Right now it is 0200 and I am freaking shattered but am unable to sleep at all. It's so frustrating. Over the past two days it's been exactly like this. Feeling dead and exhausted but, at the same time, alive and full of energy. Well, more than anything it is confusing. I just want to sleep. OK; I need to sleep! Like, now! I keep trying to hypnotise myself to sleep by clicking my fingers after saying 'when a click my fingers you will fall asleep' all mysterious-like but, alas, it hasn't worked. Huh. I must admit, my dreams feel real too; as if it's possible to touch it, feel the emotion. I dreamt I was being bullied and it felt so real. Everything. Last night just before I fell asleep I could swear that I even heard a scream - it sounded more like it was from a male though. Let's all pray that this will stop and I can get some S-word!! (Sleep, that is - if you didn't guess...). Nothing to worry about.

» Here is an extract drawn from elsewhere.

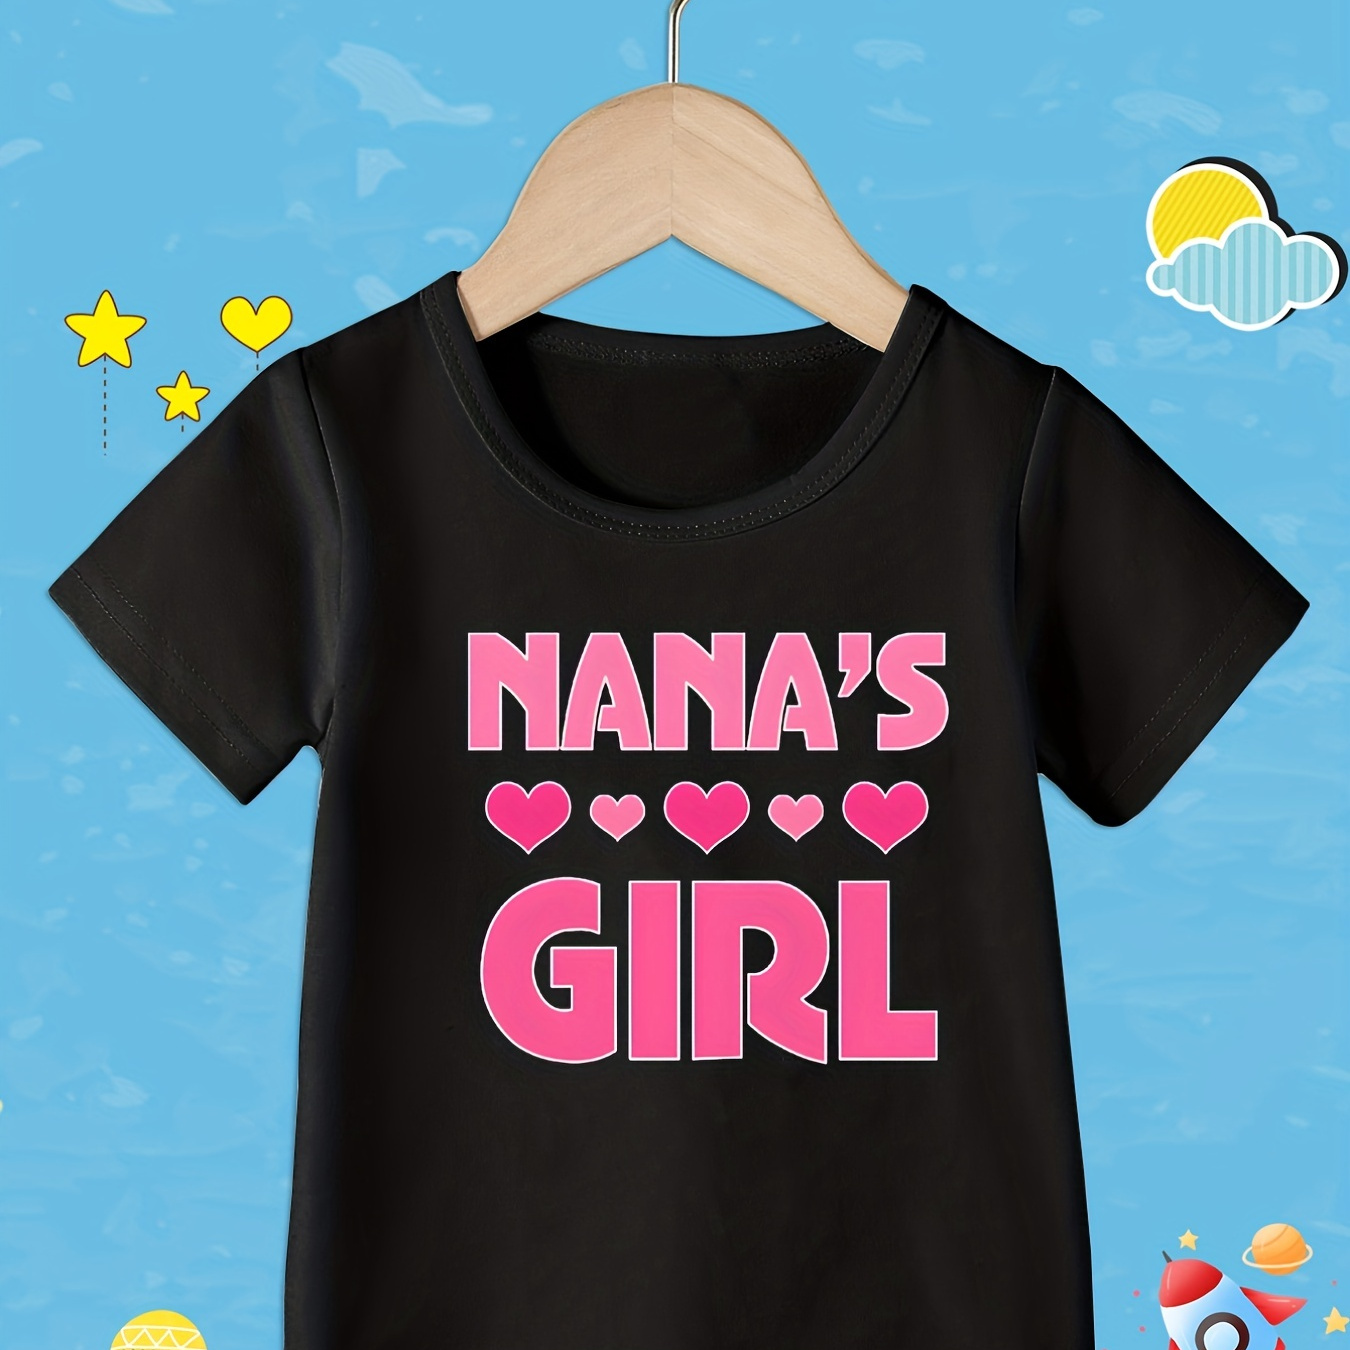 

Nana's Girl Print Kids T-shirt - Soft And Comfortable Short Sleeve Tee For Girls

Wednesday 4 August 2010 at 18:29

Revulsion.

Do I always have to feel this way all the time? The sands of time are running but never stop. The feelings they spit at me is constant and I hate it. I always end up being pushed to the sidelines. And I do not matter at all. At least in a years time I'll be free. I won't need to pull myself along all the time - persuading myself that things will be easier, better. But a year seems like a long time away. Too long. Within that year, what I wonder will I have accomplished? Where will life take me. Hopefully, far away from here. Far away from those who hang at my throat by their sharp claws, scratching to see the blood. The blood crawling from my neck. Please someone take me away. Or at least make it bearable. Make it easier so that I don't have to hide. Send me an angel. Anything. Anything at all. I just want to be set free. I don't want to be the target of their disgust anymore. I don't want to be the target of their refusal, their ignorance, their sneers and laughter. I promise I've tried to do things right but, tell me now, what have I done to deserve this? I work hard constantly. I'm a good student. Oh, but is that possibly it? Is it that I'm better than them that they hate? Pfft. Probably not. I mean, what do I have that anyone could possibly envy? What? Well, honestly, I don't need them. Or their contact. I can thrive alone. On my own. Just me. Forgotten and twisted. Is that what I am to them? They probably believe the rumours. Well, that's all yesterdays news. I'm hoping they'll forget everything over the summer because more than likely I won't.

Sunday 1 August 2010 at 15:31

Liberty.

Hello again! I haven't posted for a while so i thought that i would now. It's the summer holidays and i can finally take a breather because i don't have to worry about school or grades or anything for at least another five weeks. I haven't done that much and i don't plan to either. I might go to a nearby city to shop with my friends but that's the limit. I also might go to the cinema again to see Eclipse. Again. Well... c'mon... i have to occupy myself somehow. I'm going to Turkey in about three weeks so i'm looking forward to that too. Hope that you all have a good summer holiday.